Marielle’s eyebrows flew up. “So what’s to be done?”
“I mean to expose them. I’ll go there this afternoon and resign, and then I’ll take my story to the Herald.” Dorothea indicated the sheets of paper on the table beside the bed. “But I need someone to accompany me—someone of unimpeachable credentials.”
“Me?” Marielle’s eyebrows soared higher still. “Mr. Dickenson will have a fit.”
“If you’re not willing…”
“I didn’t say that. I’d love to take on those hate-mongers at the Guardian, with their lies. I have to say, I was that surprised at them running a series of stories putting someone like Hare in a good light. But they were just selling papers.”
“I believe they were behind the attack.”
“If you’ve a way to bring the bastards down, count me in.”
“Mrs. Dickenson, if you don’t mind me asking—what’s Hare O’Hare to you?”

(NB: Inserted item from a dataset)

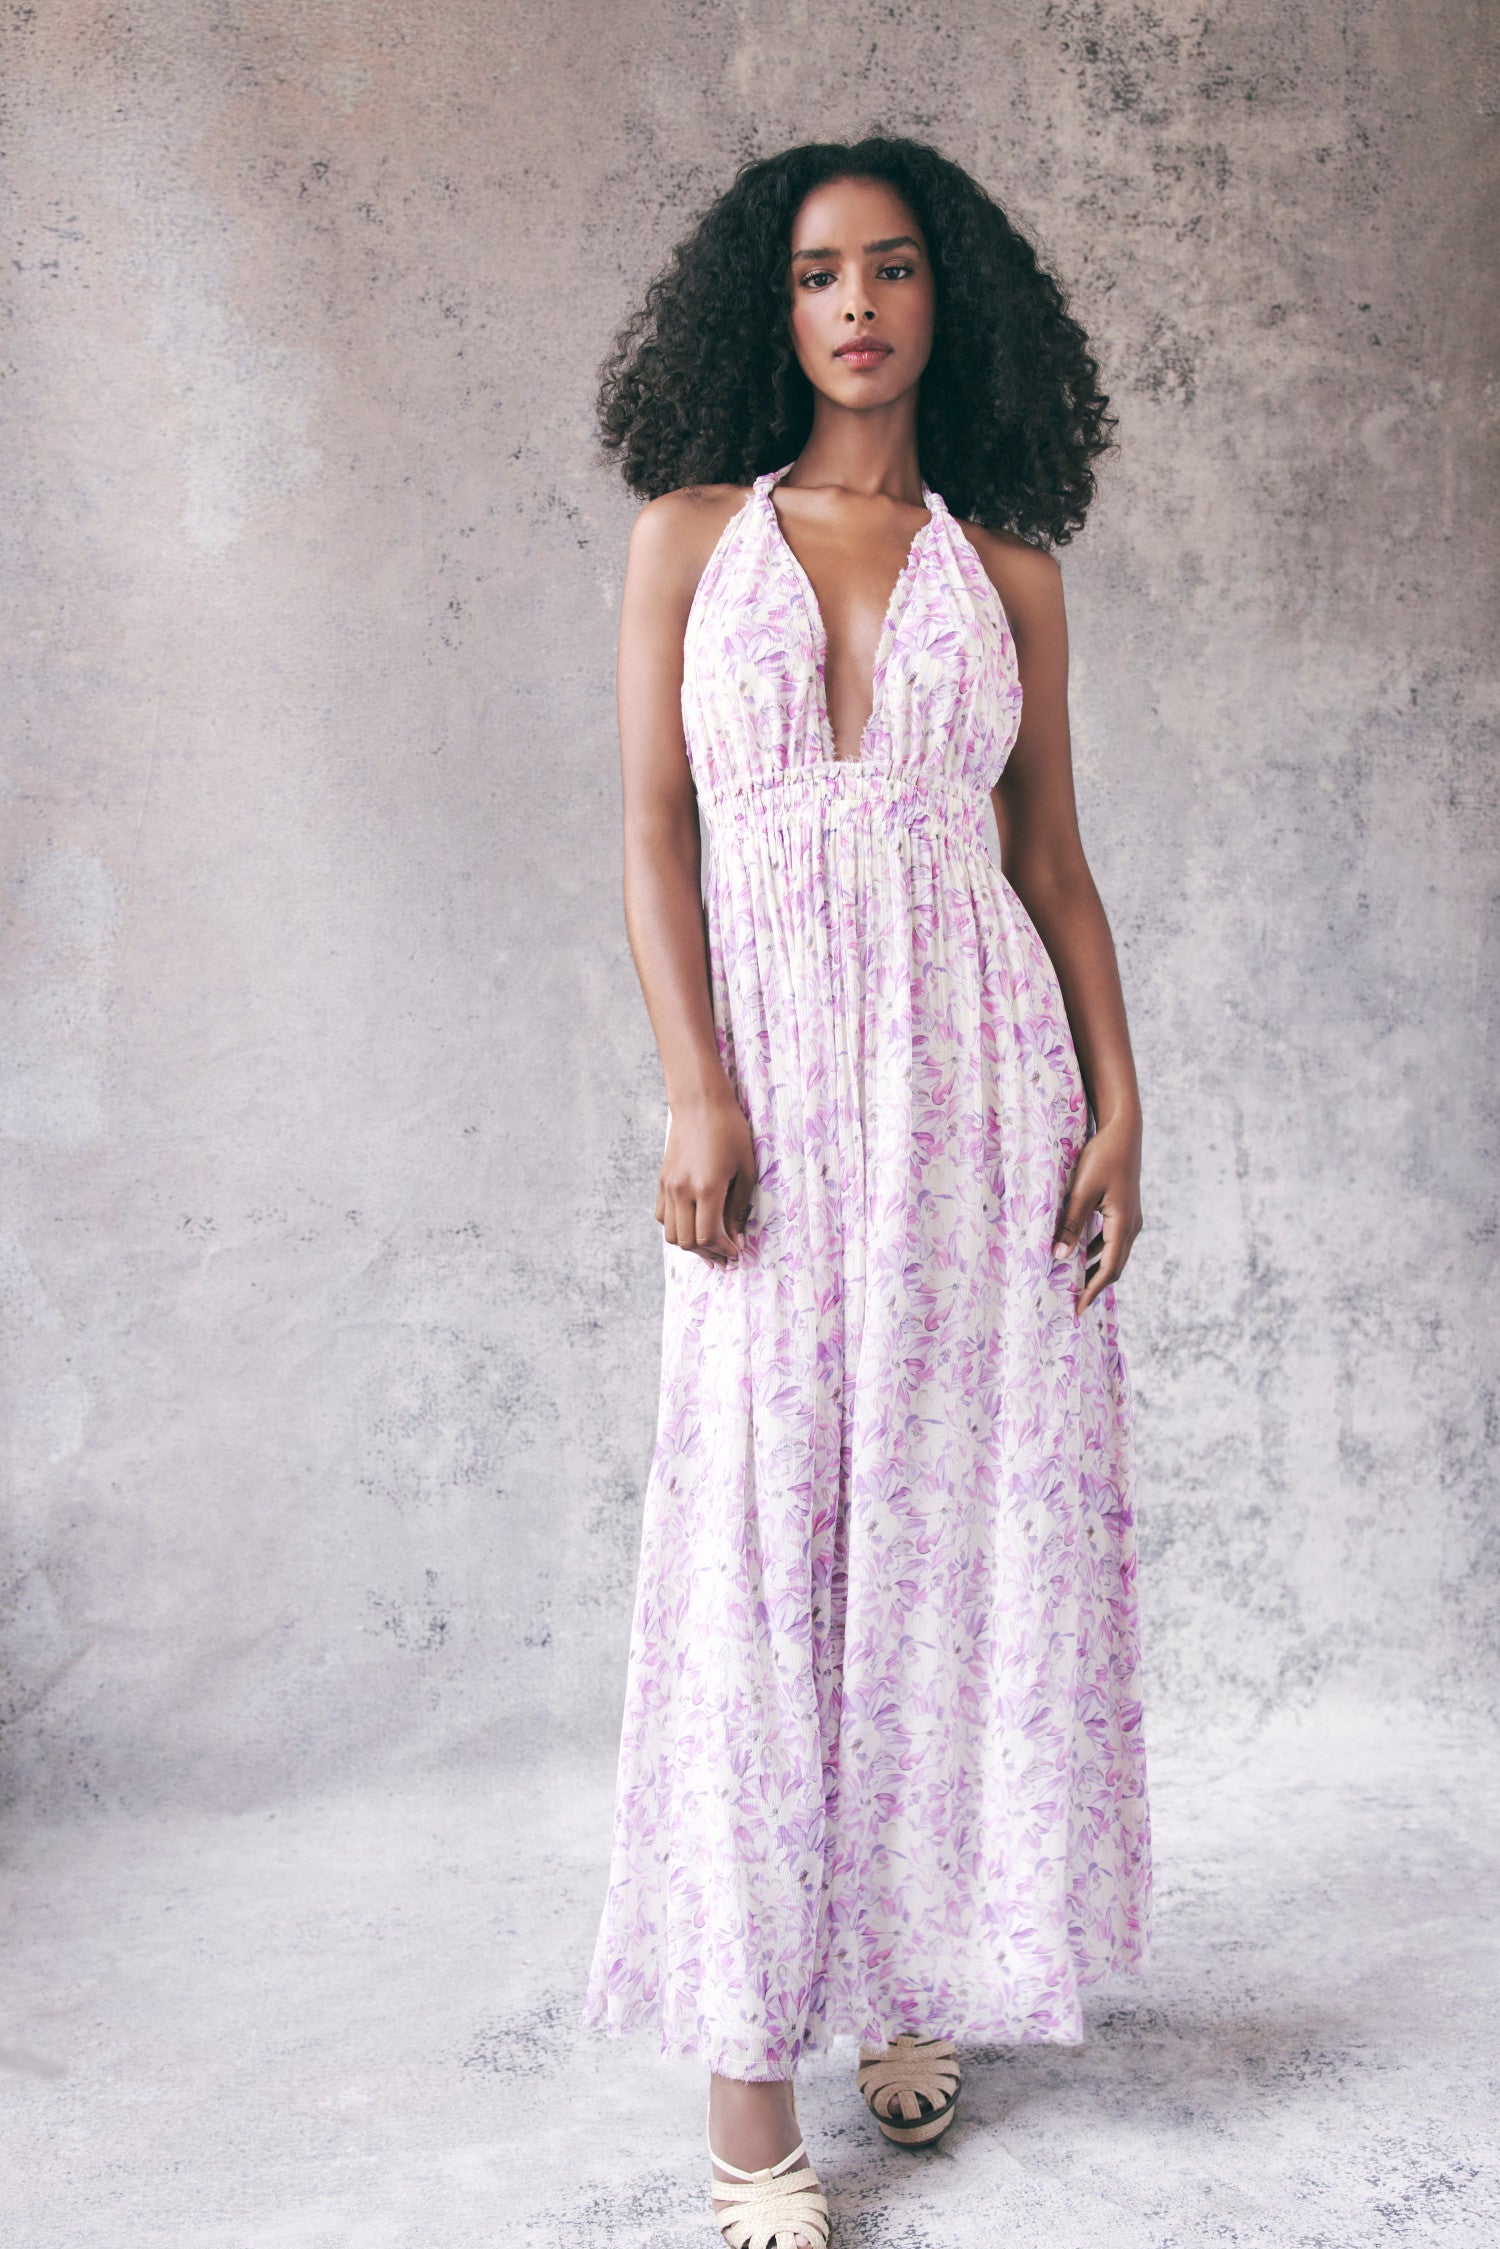 Model wearing white and purple floral halter maxi dress

Marielle smiled tenderly. “You mean, Timmy? That’s the name he went by when we first met, you know. We were in service together. Ah, don’t look so surprised; I was naught but an Irish lass laying the fires and scrubbing the pots of those better than me. Only they weren’t better.” She glanced at the man in Ron’s bed. “He may well be. And you. But in any case, I love him like a brother, if that satisfies you.”
“I have three brothers. They’re maddening, but I’d give my life for them.”
“Or your reputation? You’ve no idea what it’s like out there, Miss Sinclair. The city’s gone mad. But if you—or he—need me, I’ll stand by your side.”
“Then, Mrs. Dickenson, better gird yourself up for a battle.”